Monday, February 8, 2010

Automatically Generate Configuration Files (Part 1)

0 comments

This article begins a series on using m4 to generate configurations for MySQL but applies to other configurations as well. Why would I want to generate configurations versus just managing each configuration separately? How often do we feel we need to make a change that applies to several instances all at once? Wouldn't it be nice if there was an easy way to change something in one place so that wold be reflected in all the configuration files under our care? What about when we want to see the same change in all the files except one or two? What about when we want to see that change happen in only one or two files?

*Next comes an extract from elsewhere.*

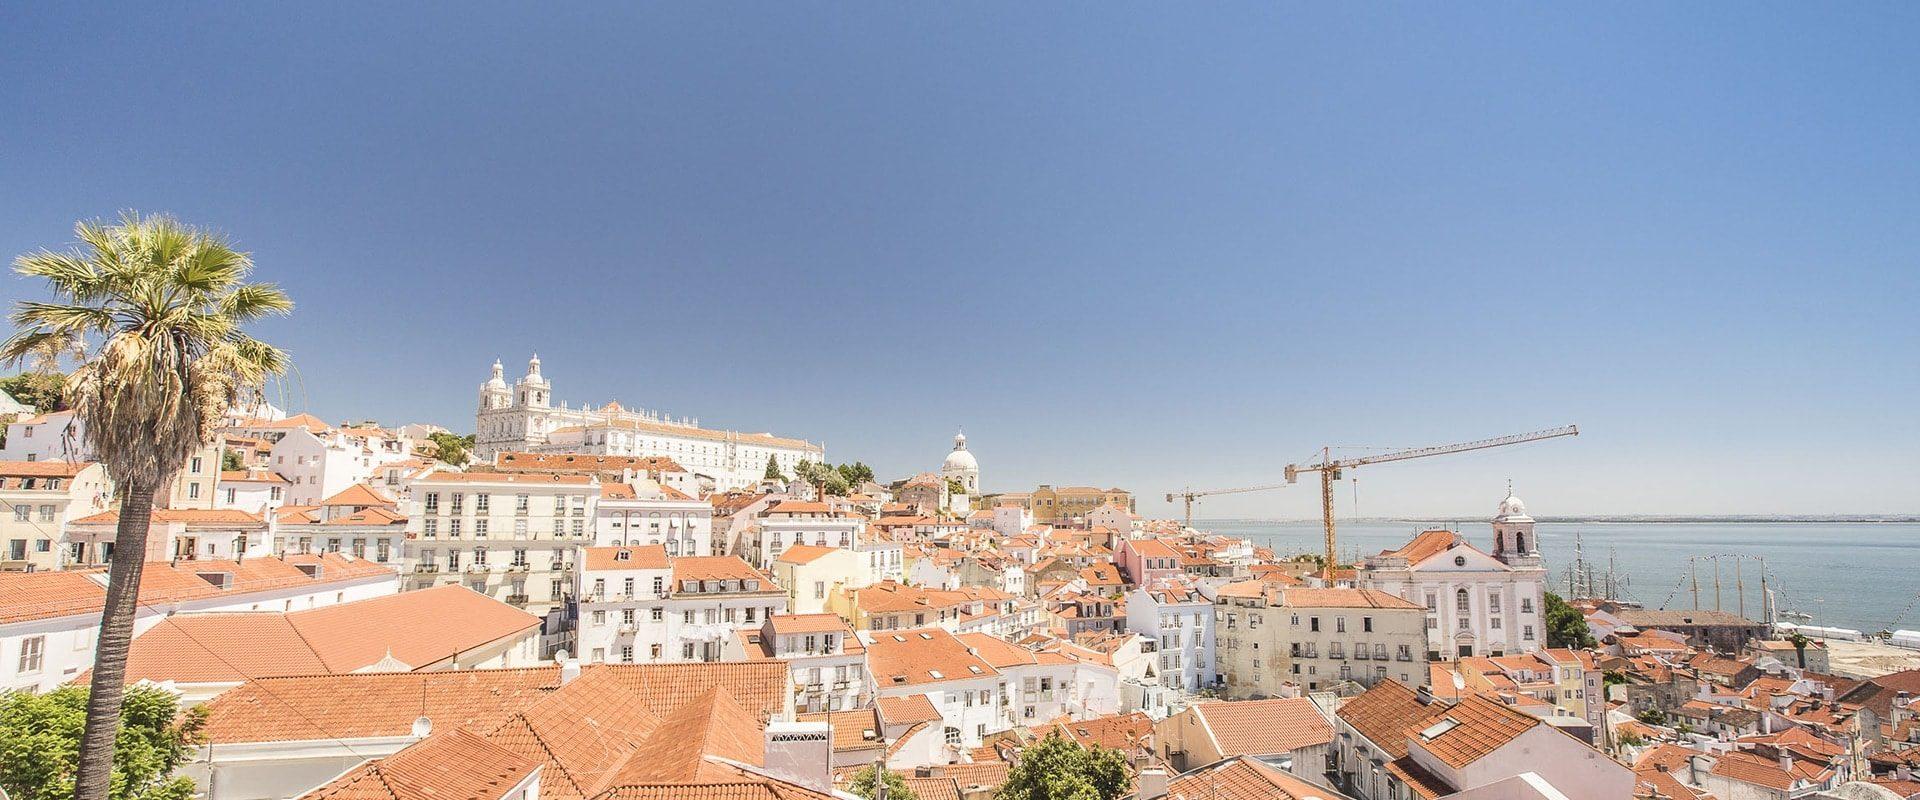 Flâner Dans Le Quartier De L'Alfama à Lisbonne

There are a plethora of templating, macro, and text processing systems available that can help administrators deal with this type of challenge. I am using m4 for my own needs because it is very simple to understand and maintain while retaining the flexibility I need to go far beyond standard search and replace. I use m4 to help me generate configurations for mysql, httpd, bind(DNS), and other software. Generating configurations makes it much easier for me to maintain, test, and version my changes across several systems.

Enough of the lead-in, let's get started using m4 in a meaningful way.

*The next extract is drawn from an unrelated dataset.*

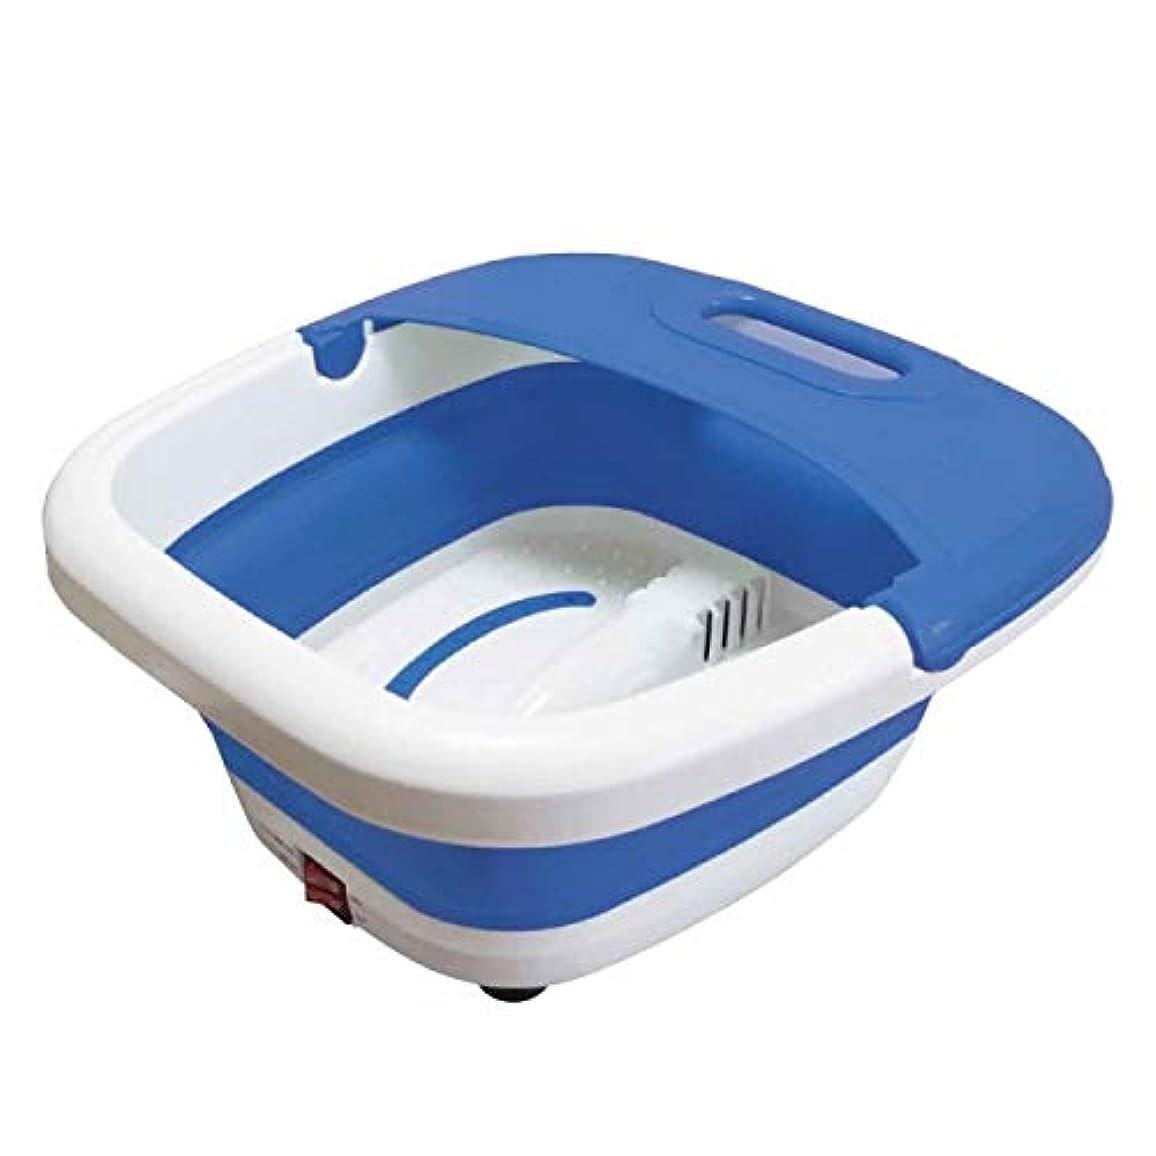 投獄形式池コンパクトに収納 バブル機能付き折りたたみフットバス 足湯効果ぽかぽか SIR-194

m4 is available on most Unix-based systems automatically. If it's not available on yours, check your repositories. On Windows, m4 is available in Cygwin. If you don't already have Cygwin, it is a way to get many of the tools that run in Unix-based environments without having to run Unix free of charge.

m4 is a macro processor that has its roots in the C language processors. It takes a stream of text, looks for certain keywords and uses those as macros that are expanded based on the needs presented to it. m4 can handle loops, conditionals, and other common programming constructs. m4 is a tool that helps users by keeping repetition down to a minimum.

m4 uses processing instructions to determine when it needs to do something. I've told it only to read processing instructions that start with m4_ because I don't want it confusing my instructions with real information that needs to be left alone. It's just a precaution, but a good one and I encourage you to use it as well. To get m4 to require m4_, simply add a -P to your m4 command (as shown below).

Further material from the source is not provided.